Every winter, and depending on where you live maybe even before right now, you must winterize your exterior hose bibs. That demands that you turn off the handle of the interior valve which services each hose inside. Then you must open the handle of the hose bib outside. And if you loosen or remove the cap of the bleeder valve inside it will break the vacuum inside the pipe and drain any water out.
Let me show you a picture.
The little bleeder valve is seen on top of the copper pipe just under the black and white drain line.
The blue handle, somewhat hidden behind that pipe is the turn-off valve.
If you turn it off..
oh, oh, wait...
That valve services the dishwasher.
It's the right one to use for a hose bib shut off, but not necessarily for a dishwasher.
And that tube is the hot-water tube and services the kitchen sink with hot water.
AND the hose out back... on the deck... and there's no shut-off for the hose even though it's hot water.
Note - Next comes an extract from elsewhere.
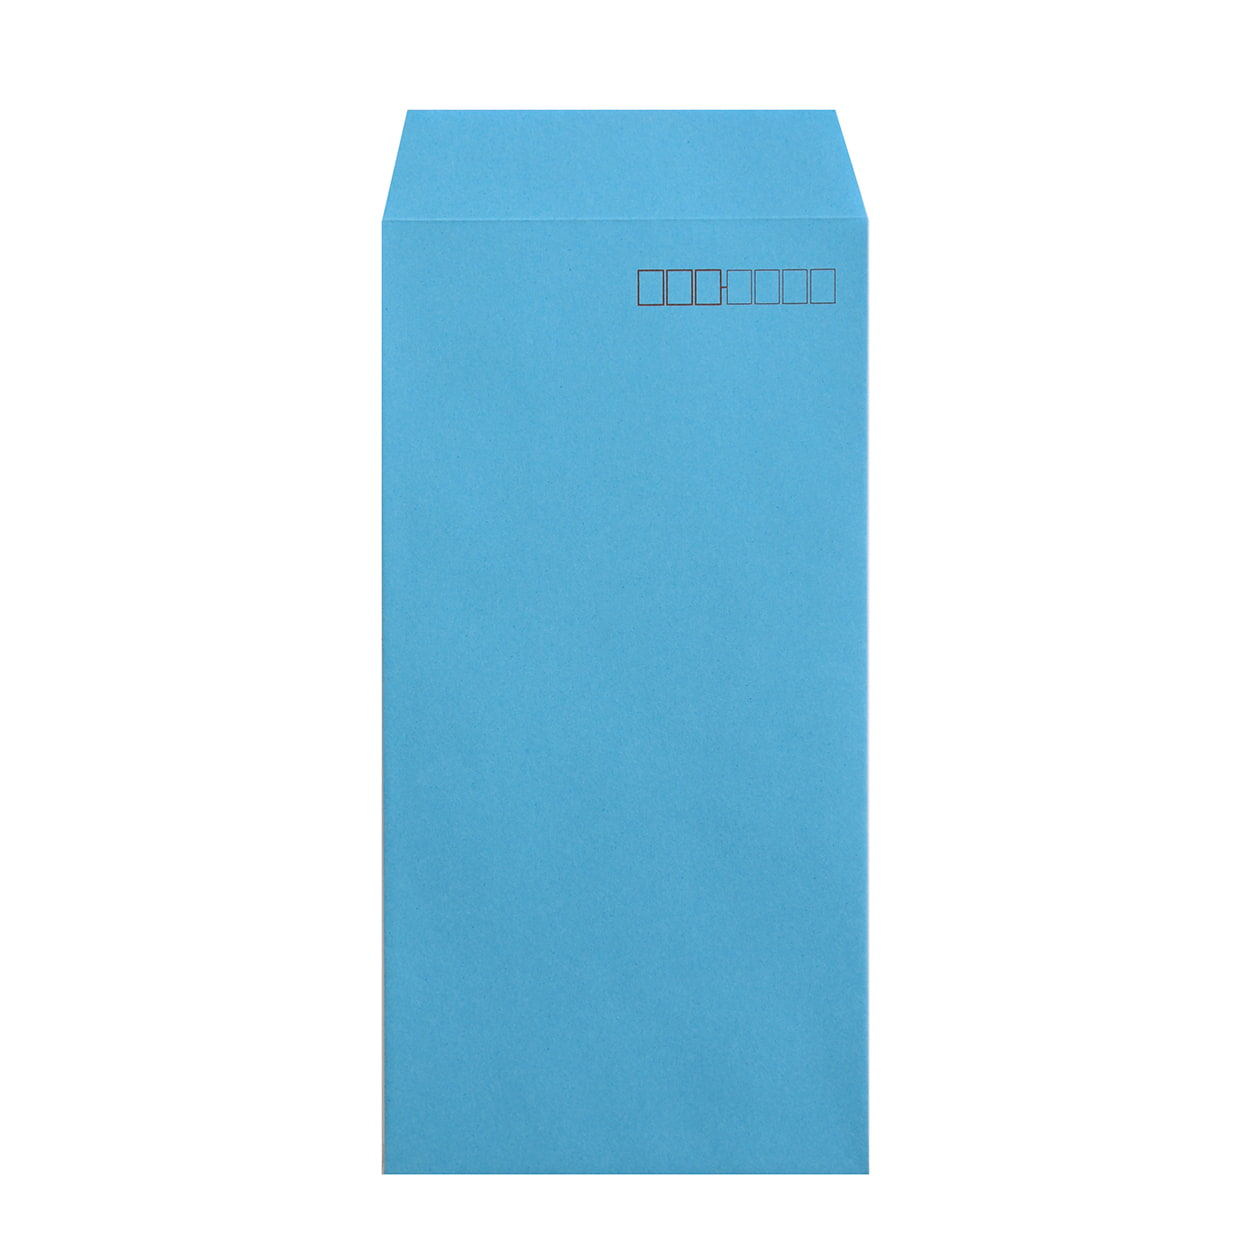 長3封筒 コニーカラー ブルー 85g 郵便枠有
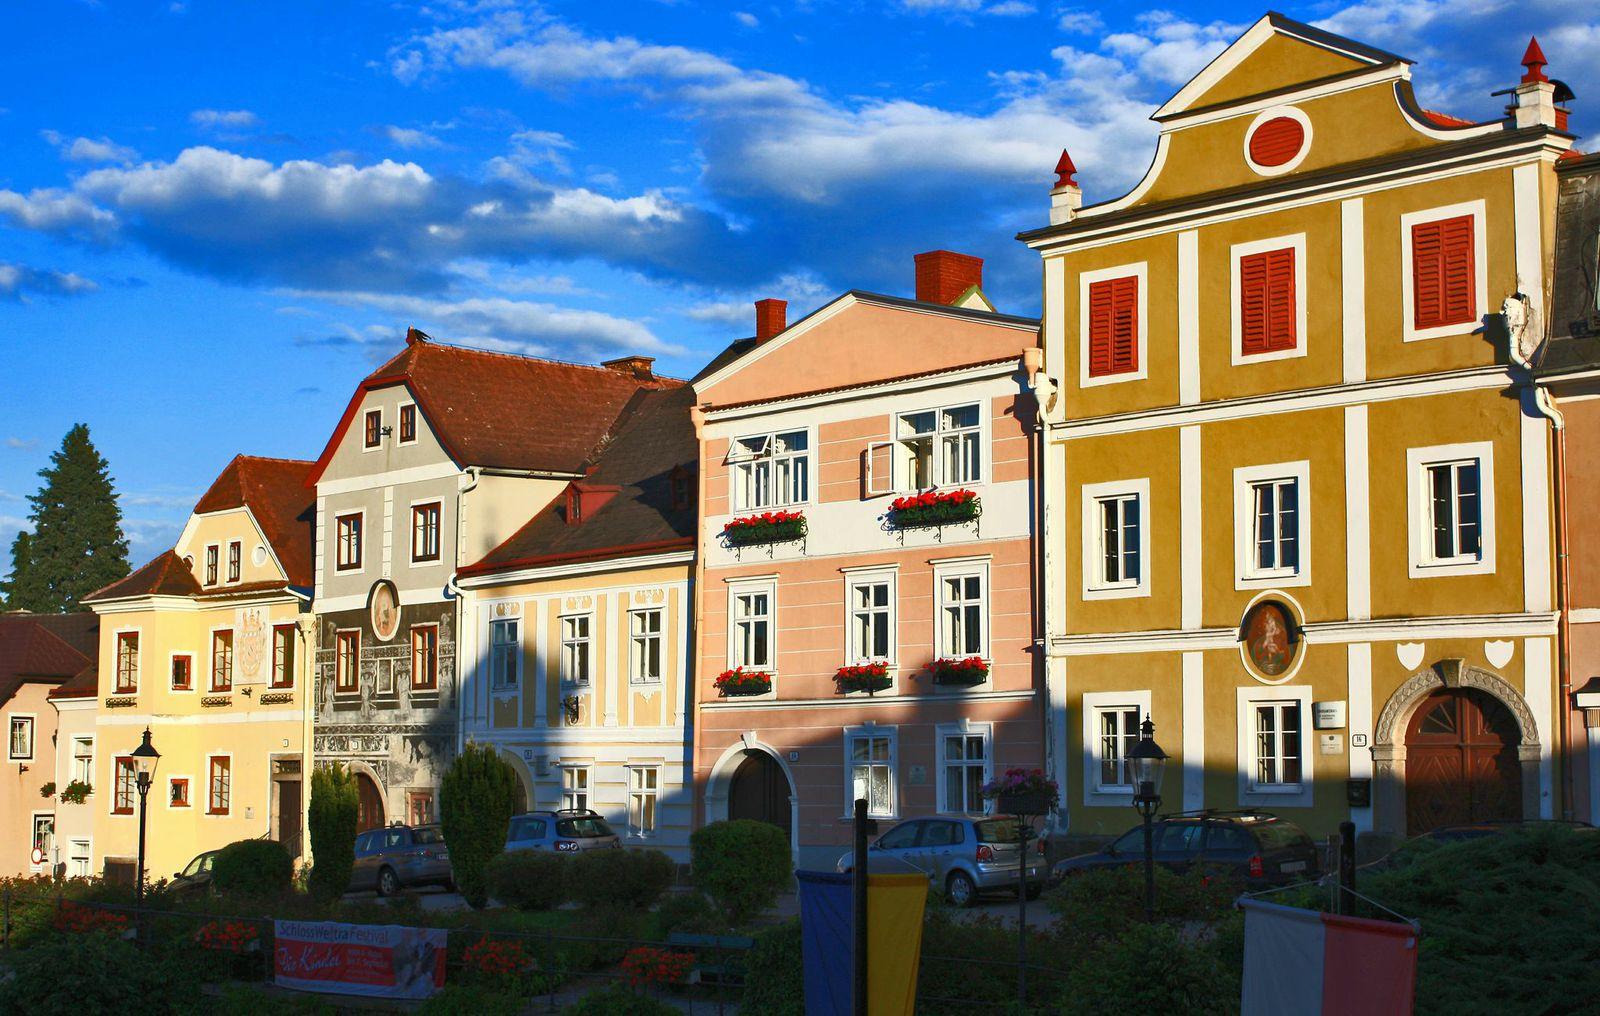 Stadtfhrungen - Stadtgemeinde Weitra - Niedersterreich

Did they really want to use hot water for the hose out back? Gee, maybe this wasn't the most instructive example of how to winterize... (;>)
Well, in the winter, before it gets too cold, you want to do what I said above for all your exterior hose bibs. And this one? This one will just have to be thought about again... And good luck with it!
My recommendation: Winterize your hose bibs every fall so your pipes will not freeze and break. Plumbers count on your not doing that! And if your pipes break it is a huge mess.
As to the other kind of mess above, well, welcome to my world!